What is needed :: For the entries that follow, restate word for word the line containing "photo of man", the line containing "SmartStore 4-Compartment Tray", and every line that lies between them.

------ Excerpted records ------

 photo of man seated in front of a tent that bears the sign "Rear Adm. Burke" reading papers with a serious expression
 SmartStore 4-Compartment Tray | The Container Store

------
------ Excerpted records ------

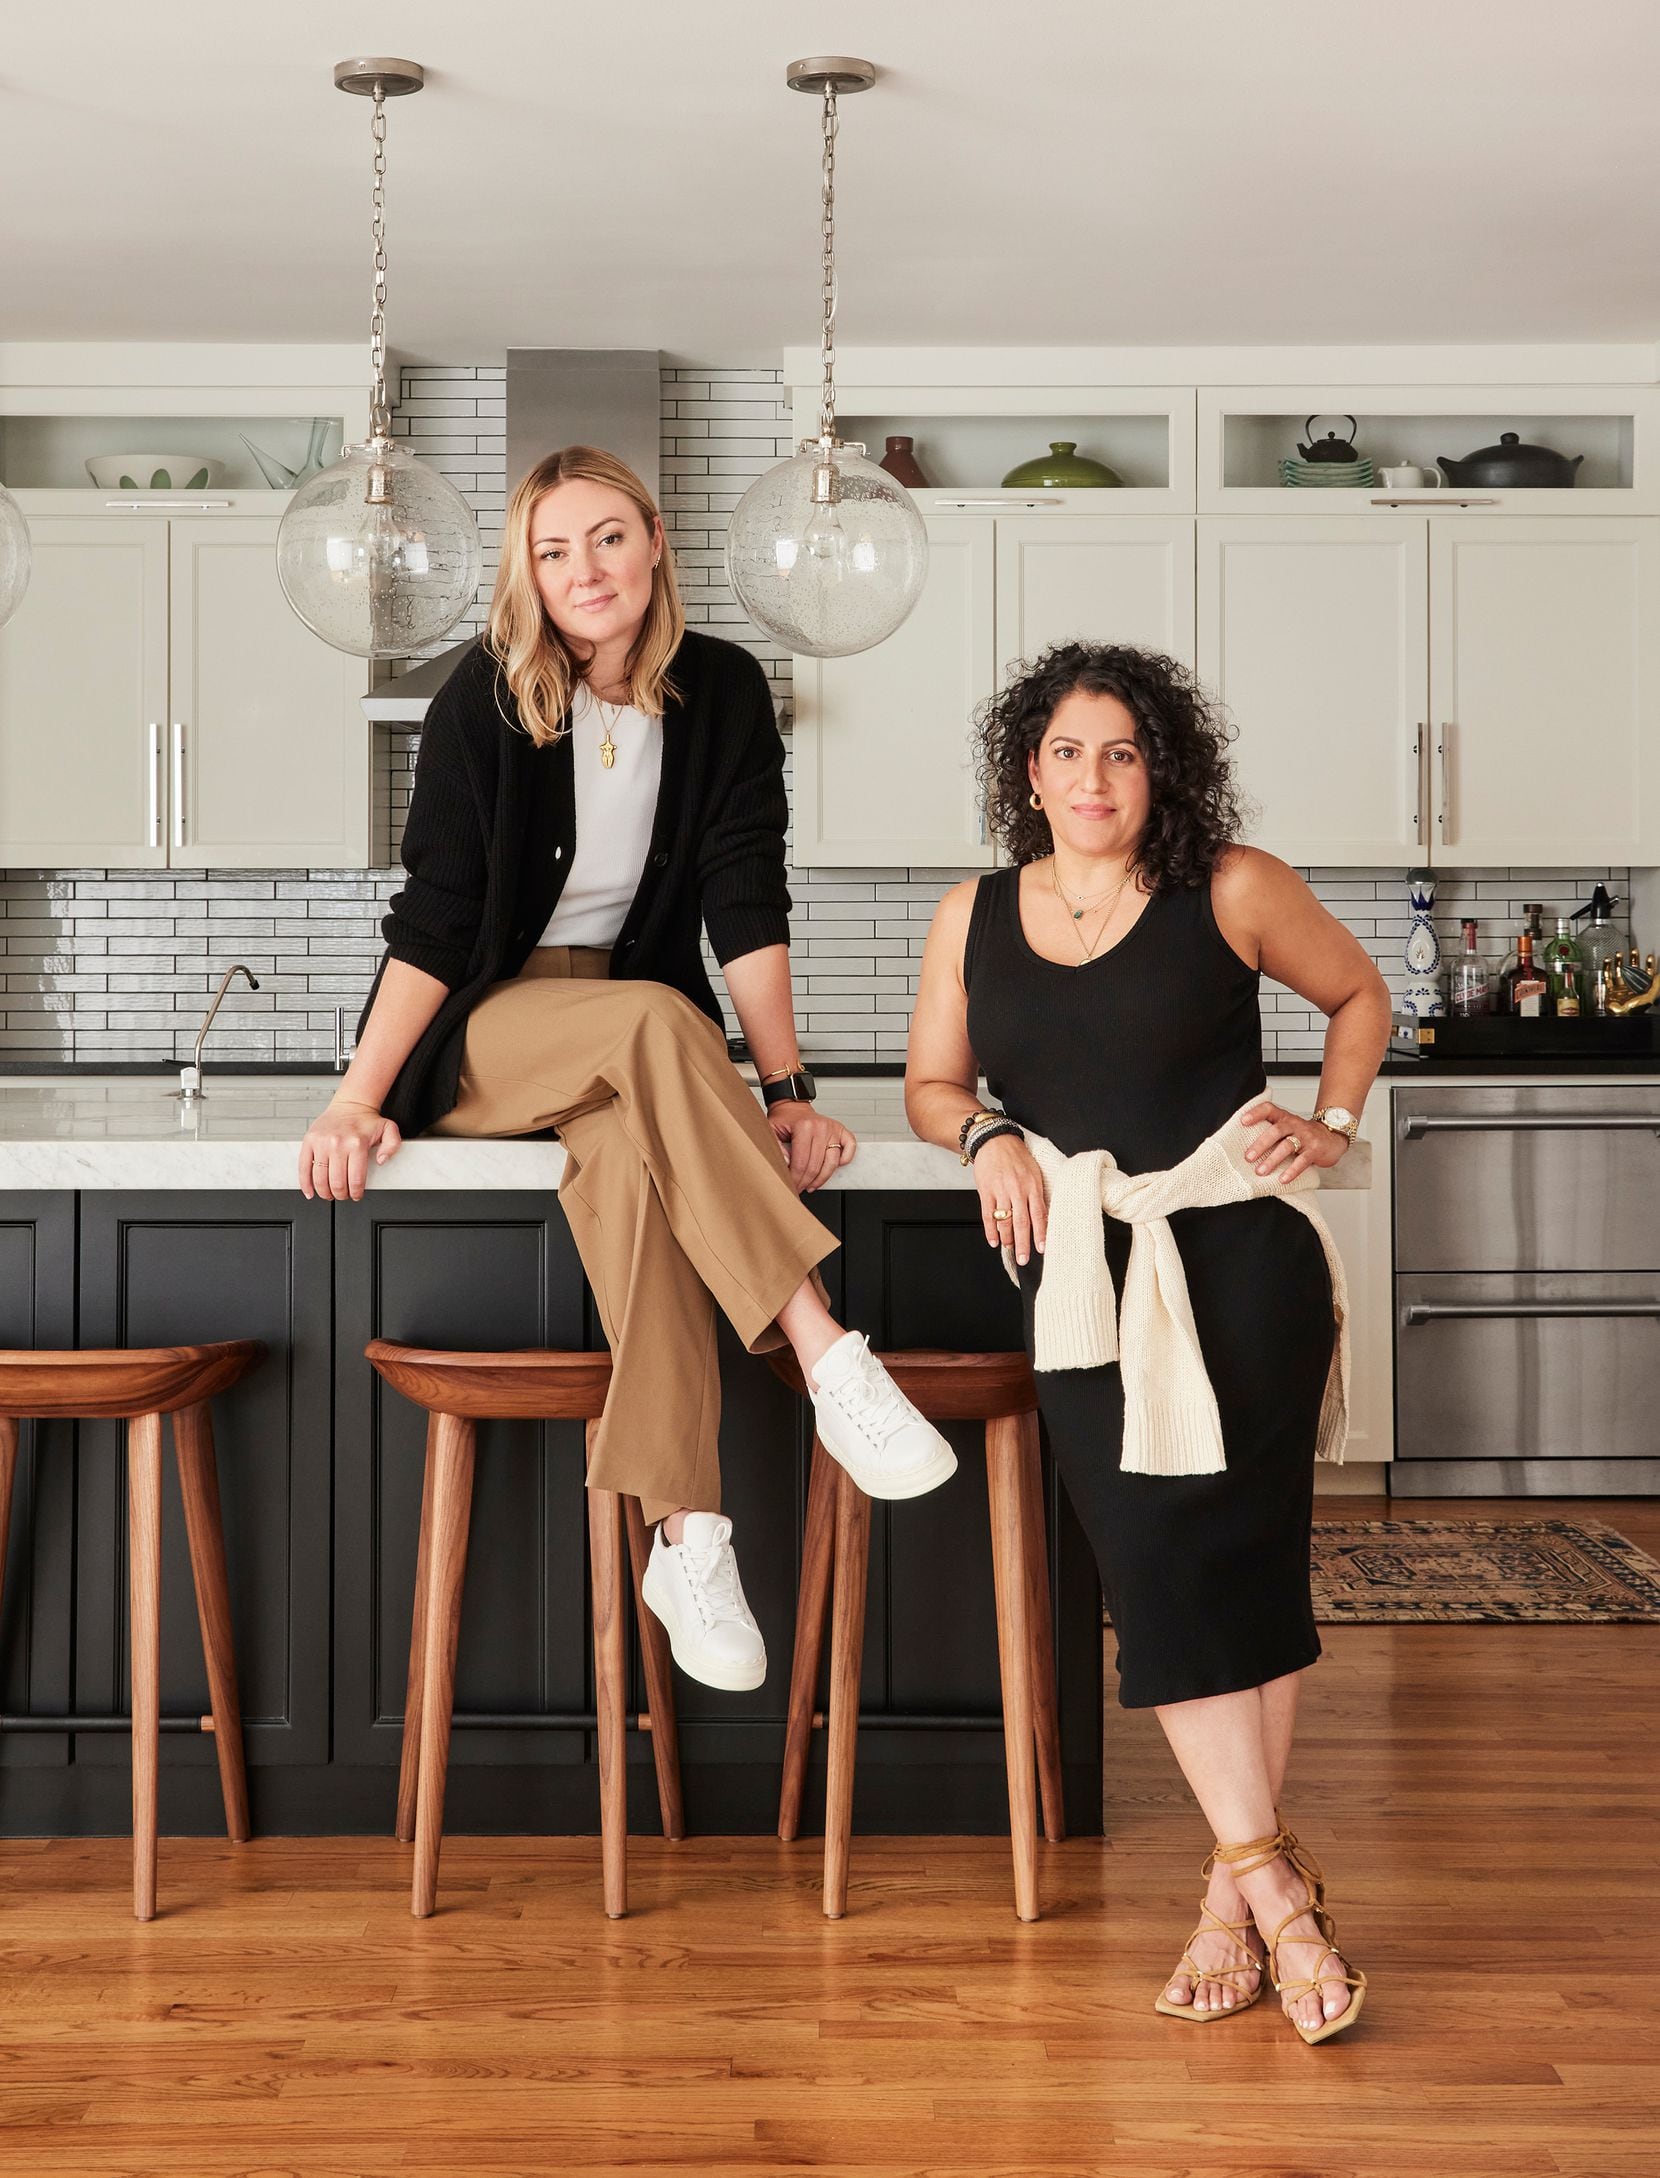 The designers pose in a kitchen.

------

Answer to the exercise ::
 photo of man seated in front of a tent that bears the sign "Rear Adm. Burke" reading papers with a serious expression
 SmartStore 4-Compartment Tray | The Container Store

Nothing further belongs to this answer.